WHAT THE EXERCISE ASKS:
Make an exact transcript of the lines in the data below, starting with the one containing "THE CHOSEN ONE" and going on through the one containing "Studio Slim Fit", with both included and the pictures left out.

RAW DATA:
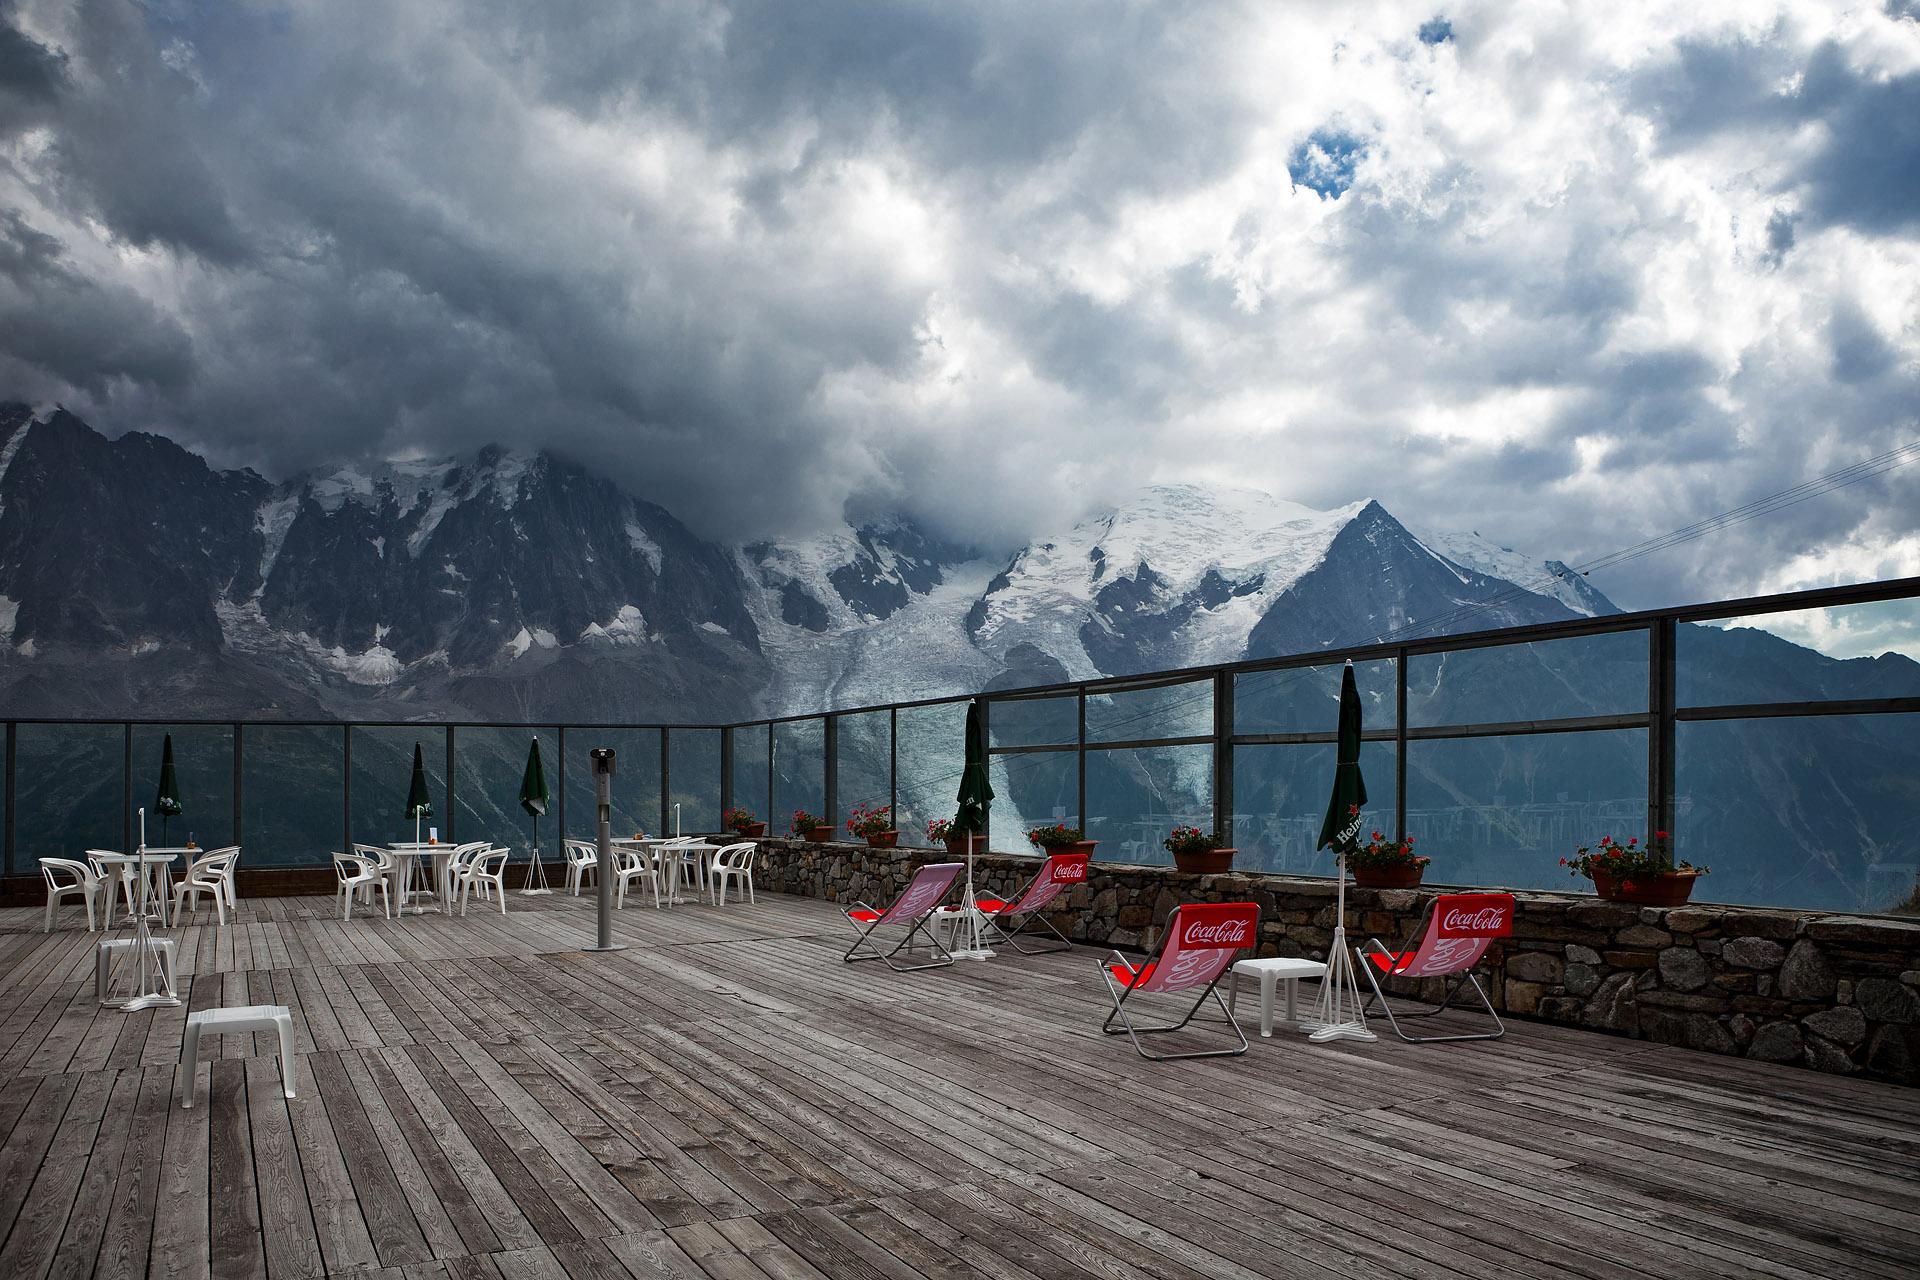 Wolken Berge Terrasse
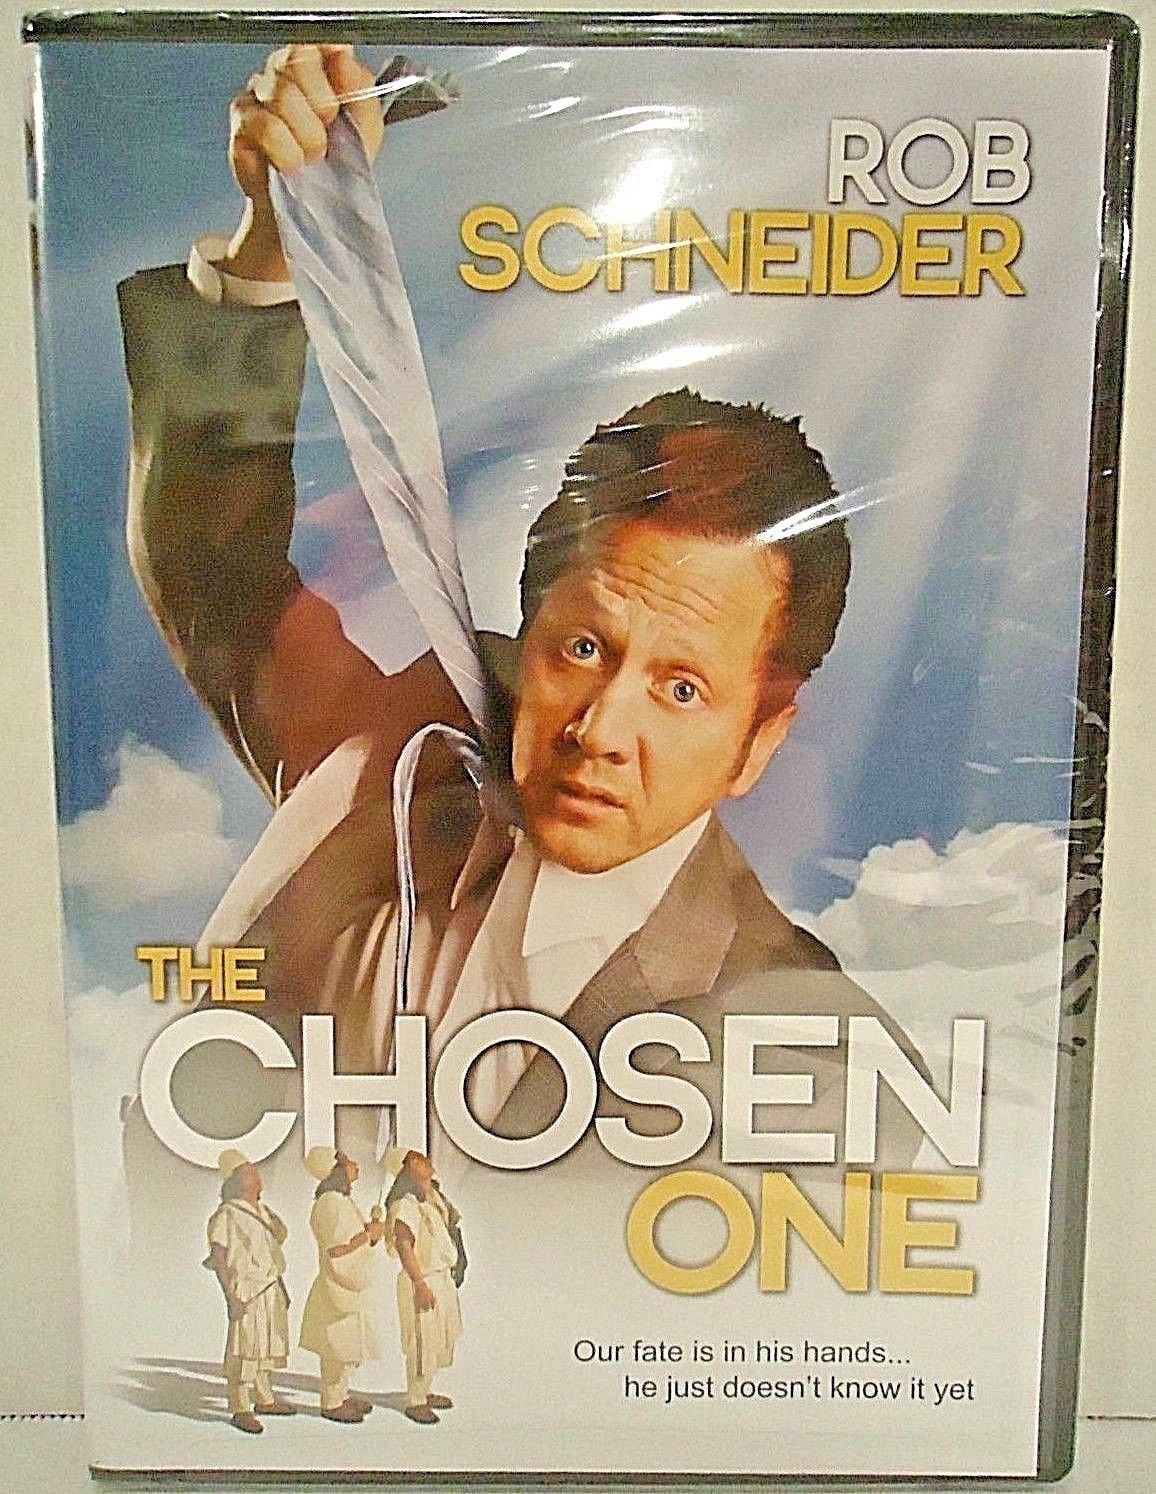 THE CHOSEN ONE - DVD - ROB SCHNEIDER - BRAND NEW - SEALED - COMEDY - MOVIE
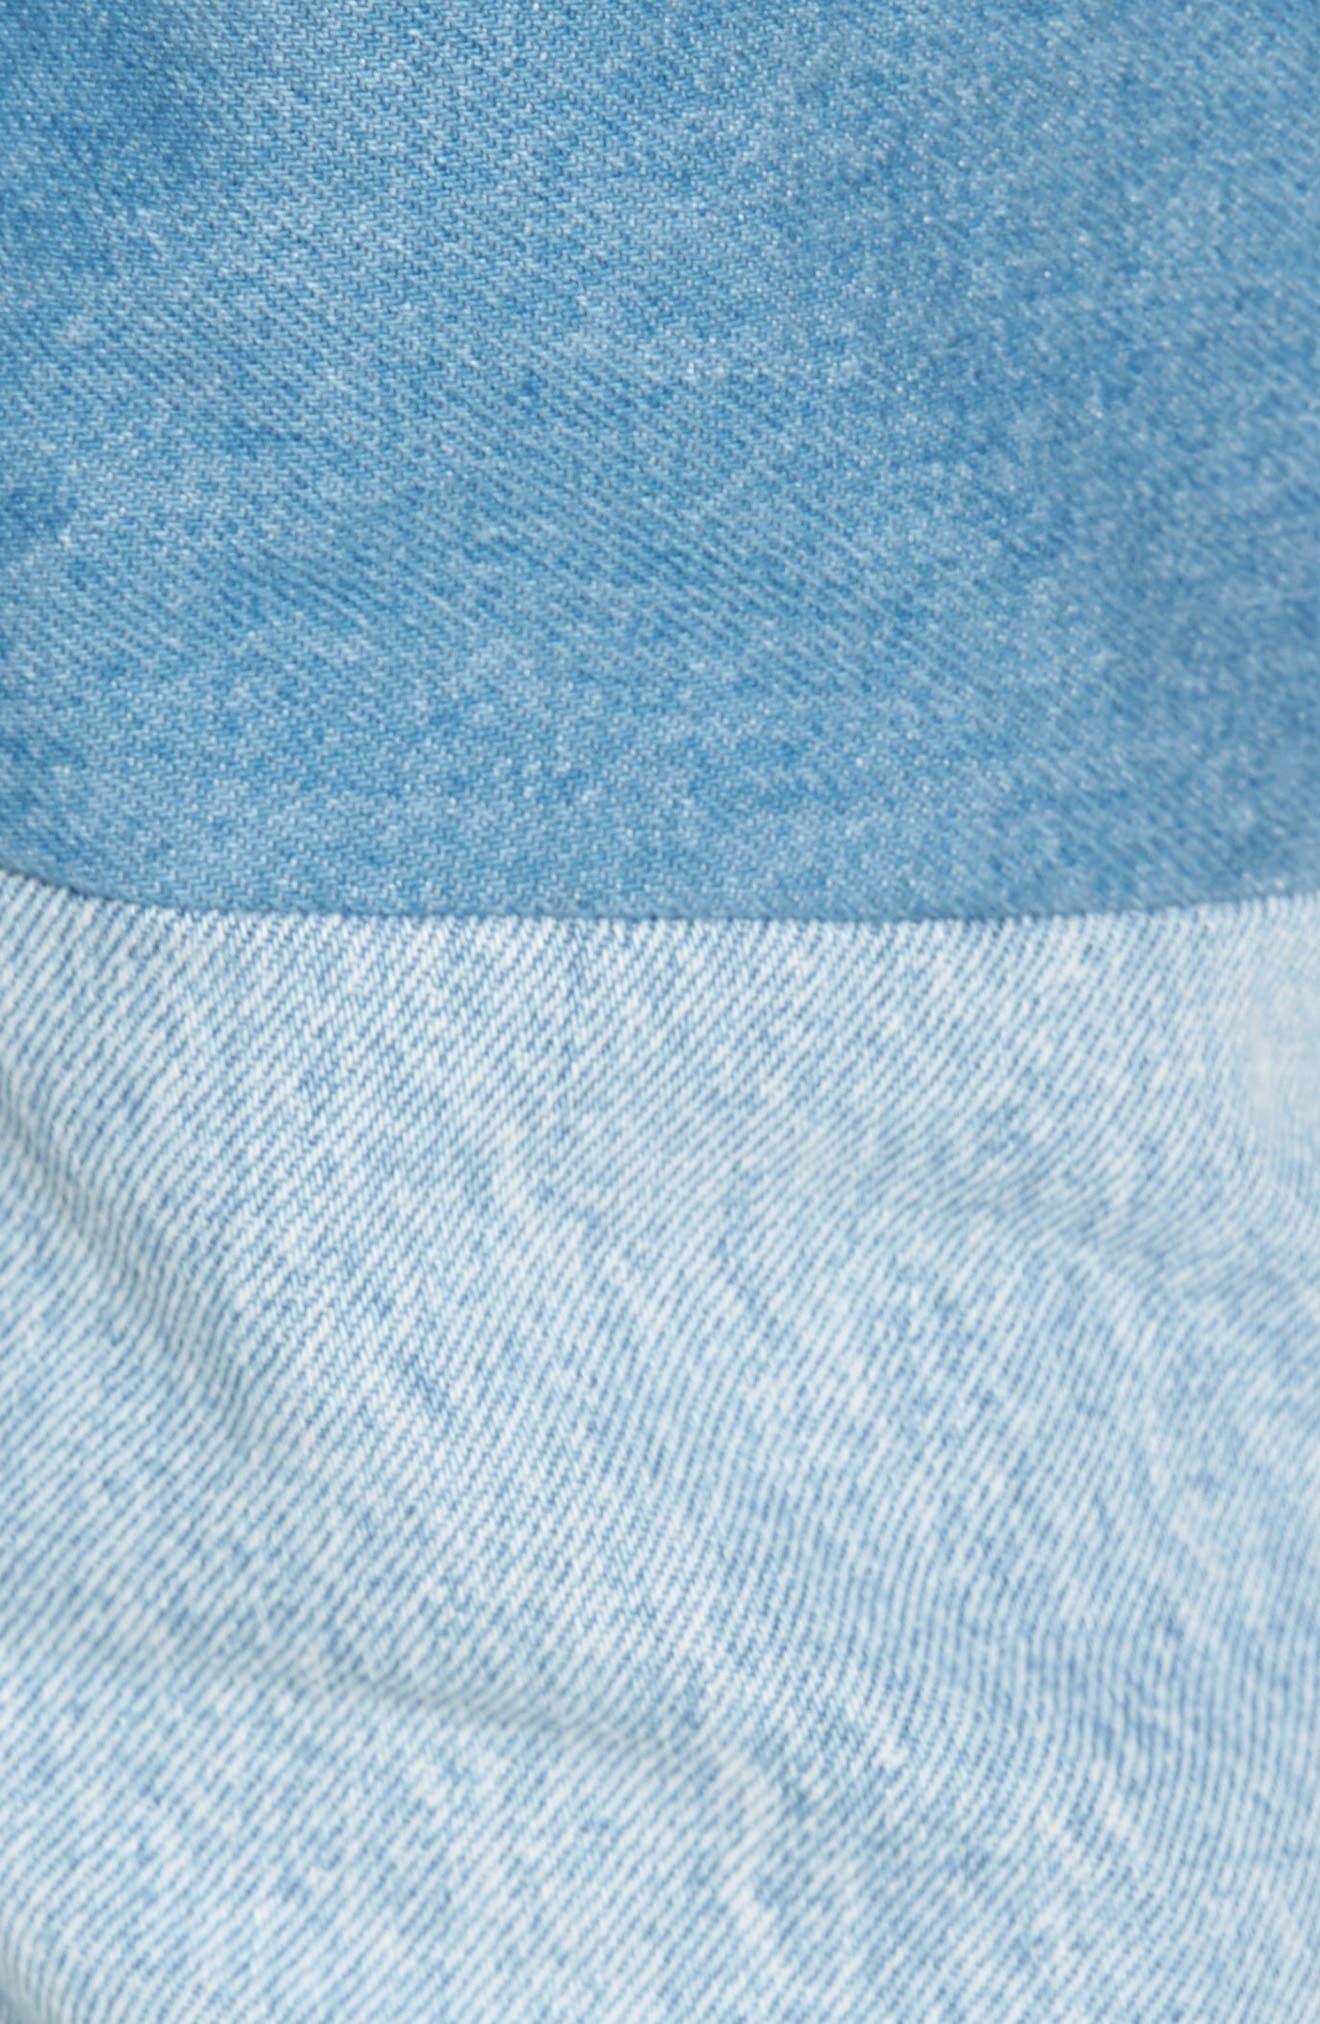 Studio Slim Fit Jeans,                             Alternate thumbnail 5, color,                             420
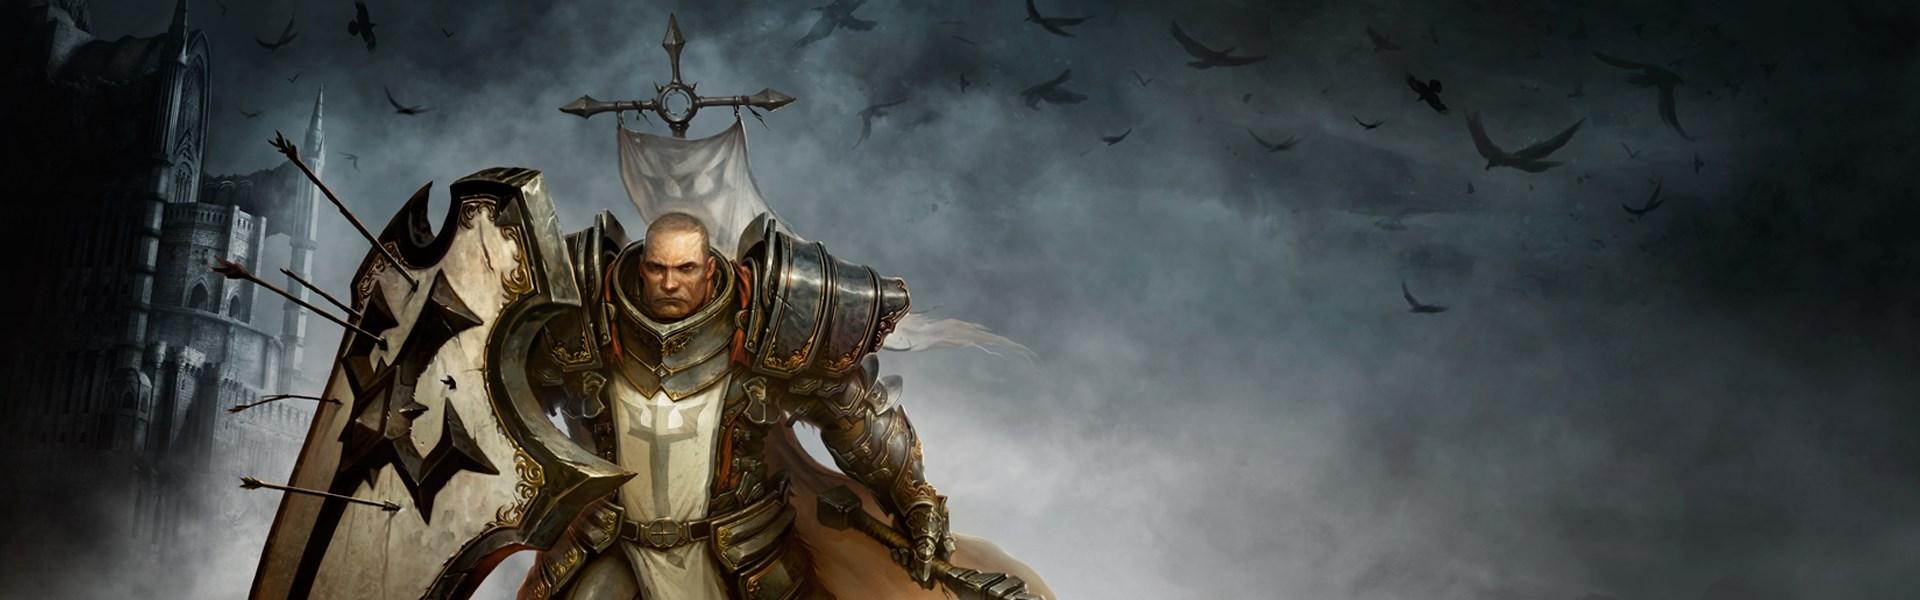 Diablo 3: Reaper of Souls - Infernal Pauldrons (DLC) (Xbox One) Xbox Live Key EUROPE

EXERCISE OUTPUT:
 THE CHOSEN ONE - DVD - ROB SCHNEIDER - BRAND NEW - SEALED - COMEDY - MOVIE
 Studio Slim Fit Jeans,                             Alternate thumbnail 5, color,                             420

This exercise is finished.